Cast: Saif Ali Khan, Sonakshi Sinha, Simone Singh
Director: Navdeep Singh
In Laal Kaptaan, Navdeep Singh returns to his favourite landscape — the parched hinterlands. The setting is what would become present-day UP, MP, Bihar — Bundelkhand, Awadh — and the subcontinent is about to step into the nineteenth century. There is a public hanging of dissenters. And someone voices their anger into words that travel far and wide. Words that don’t mean anything but keeps the listener awake at night. These are the words: “Life is only a steppingstone to death.” We are not sure what Laal Kaptaan is a steppingstone to. The writing credits are shared between Navdeep Singh, Deepak Venkatesha and Sudip Sharma, but they keep their cards close to their chest and the tension of a revenge saga never translates. Navdeep Singh, like in all his films, also goes for the atmosphere, even teasing us a little supernatural outtake but nothing cottons on.

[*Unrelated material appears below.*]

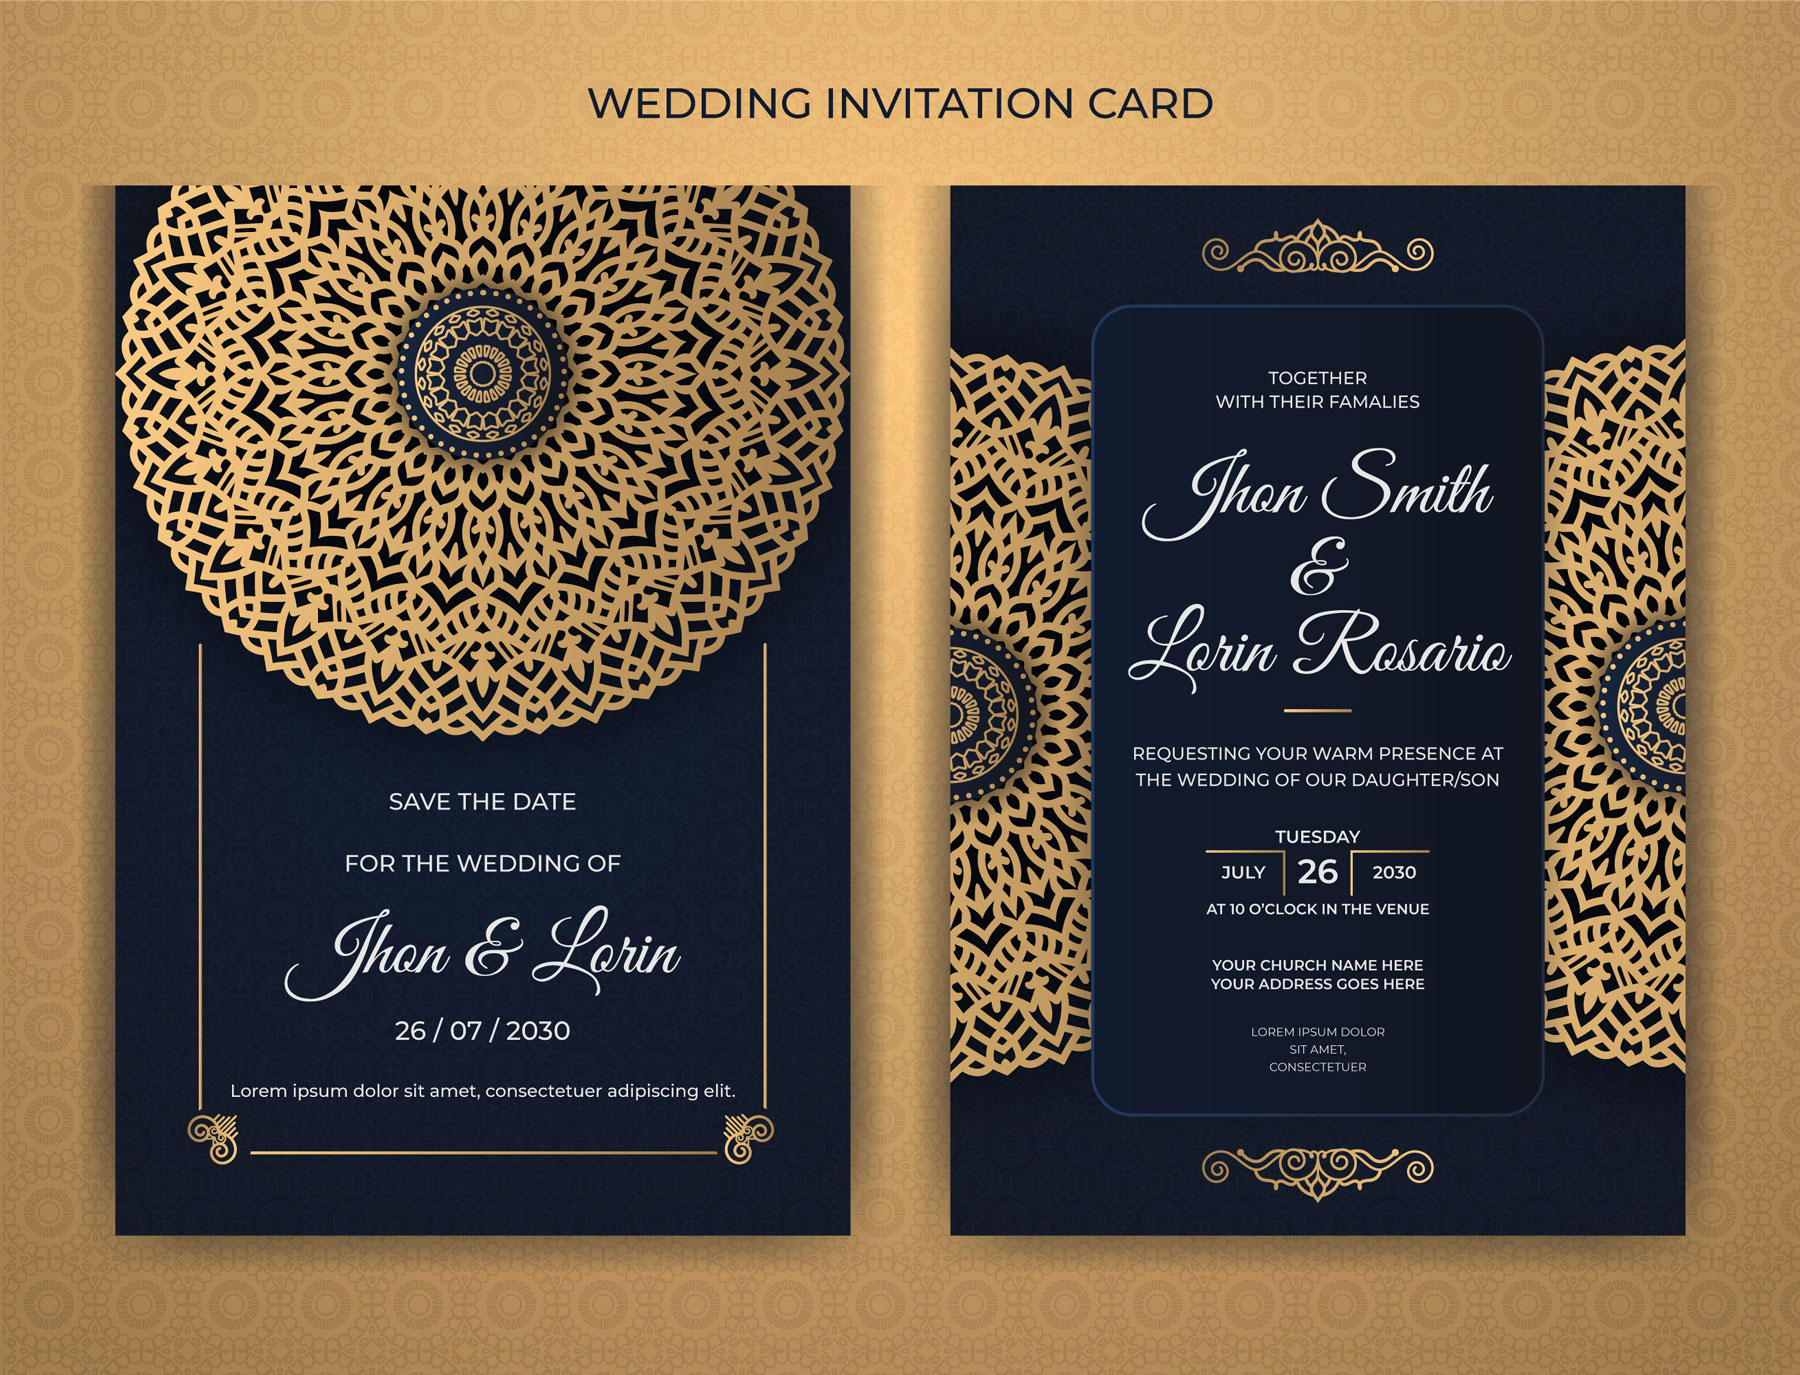 4 In One Luxury Wedding Invitation Card Design for your wedding.

Ostensibly, Laal Kaptaan is a revenge saga. It just refuses to move and shake like one. Singh wants to conjure the atmosphere of a Western and drape that over the period of volatile East India Company rule under various aristocratic and religious families. Gossain (Saif Ali Khan) is an agile Naga Sadhu with equestrian leanings. He is out to get someone for something, but Laal Kaptaan will not tell us what. The Mughal prince is running away with the Maratha’s loot of treasure, and Singh and his writers employ a mix of gags and set pieces to keep Gossain and the Marathas always at an arm’s length.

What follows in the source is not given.